Common Pitfalls and Considerations

• Collinear Points: If the three points are collinear (lie on the same line), the vectors v1 and v2 will be parallel, and their cross product will be the zero vector. This indicates that the points do not uniquely define a plane.

• Arithmetic Errors: The cross product calculation involves several steps, increasing the chance of arithmetic errors. Double-check your calculations to ensure accuracy.

• Choosing the Correct Vectors: While the choice of vectors (P2 - P1, P3 - P1, etc.) doesn't change the final plane, it might change the direction of the normal vector. A normal vector in the opposite direction is also valid since Ax + By + Cz + D = 0 and -Ax - By -Cz - D = 0 represent the same plane.

• Simplifying the Equation: After finding the equation, check if you can simplify it by dividing all coefficients (A, B, C, and D) by a common factor. This makes the equation easier to work with.

• Checking Your Answer: A good way to verify your equation is to substitute the coordinates of the original three points into the equation. All three points should satisfy the equation Ax + By + Cz + D = 0.

Applications

Finding the equation of a plane from three points has numerous applications in various fields:

• Computer Graphics: Determining the orientation of surfaces in 3D models.

• Game Development: Collision detection and physics simulations.

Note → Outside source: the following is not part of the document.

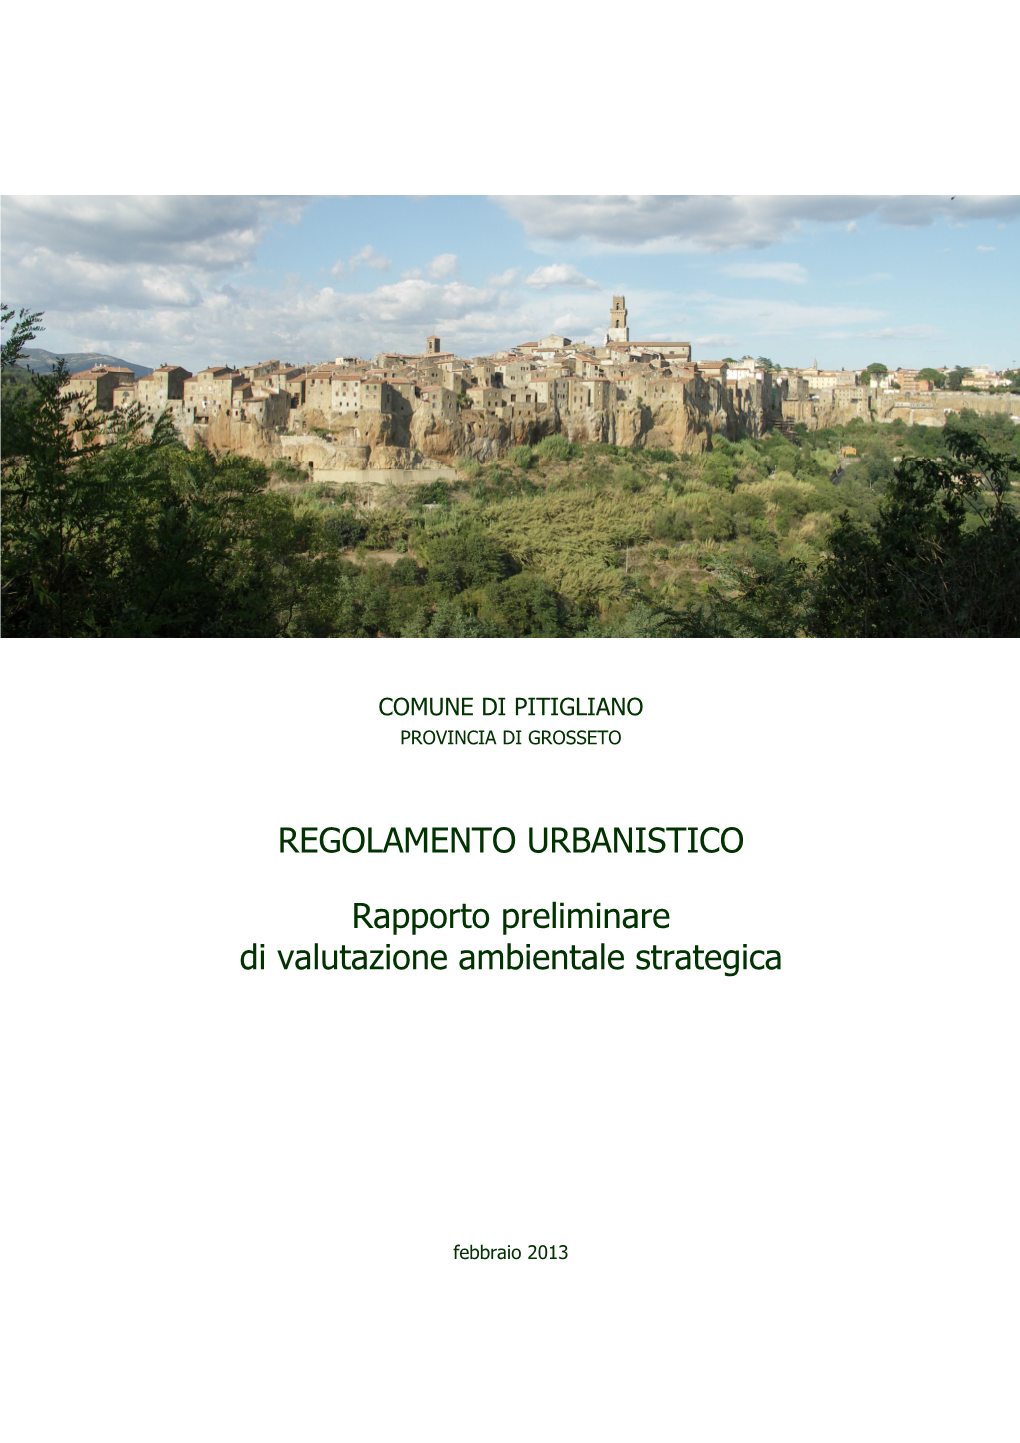 Regolamento Urbanistico Rapporto Preliminare Di Valutazione Ambientale Strategica

• Engineering: Calculating forces and moments on planar structures.

• Navigation: Defining surfaces for path planning and obstacle avoidance.

• Linear Algebra: Understanding the properties of vector spaces and linear transformations.

Advanced Considerations

• Parametric Equation of a Plane: While we focused on scalar and vector forms, another representation is the parametric equation of a plane:

  r = a + s*v1 + t*v2

  where r is a general point on the plane, a is a known point, v1 and v2 are vectors in the plane, and s and t are parameters.

• Distance from a Point to a Plane: Once you have the equation of the plane, you can calculate the shortest distance from any point to the plane using the formula:

  distance = |Ax0 + By0 + Cz0 + D| / sqrt(A^2 + B^2 + C^2)

  where (x0, y0, z0) are the coordinates of the point.

Conclusion

Finding the equation of a plane from three points is a fundamental skill in 3D geometry with widespread applications. By understanding the underlying principles of vectors, normal vectors, and the dot product, you can confidently derive the equation of a plane in either scalar or vector form. Remember to pay attention to potential pitfalls like collinear points and arithmetic errors. The ability to perform this calculation accurately opens doors to solving more complex problems in various fields, from computer graphics to engineering.

How do you think this method could be optimized for computational efficiency in a program that generates many planes? And, have you encountered situations where using a different form of the plane equation (e.g., parametric) proved more advantageous for specific tasks?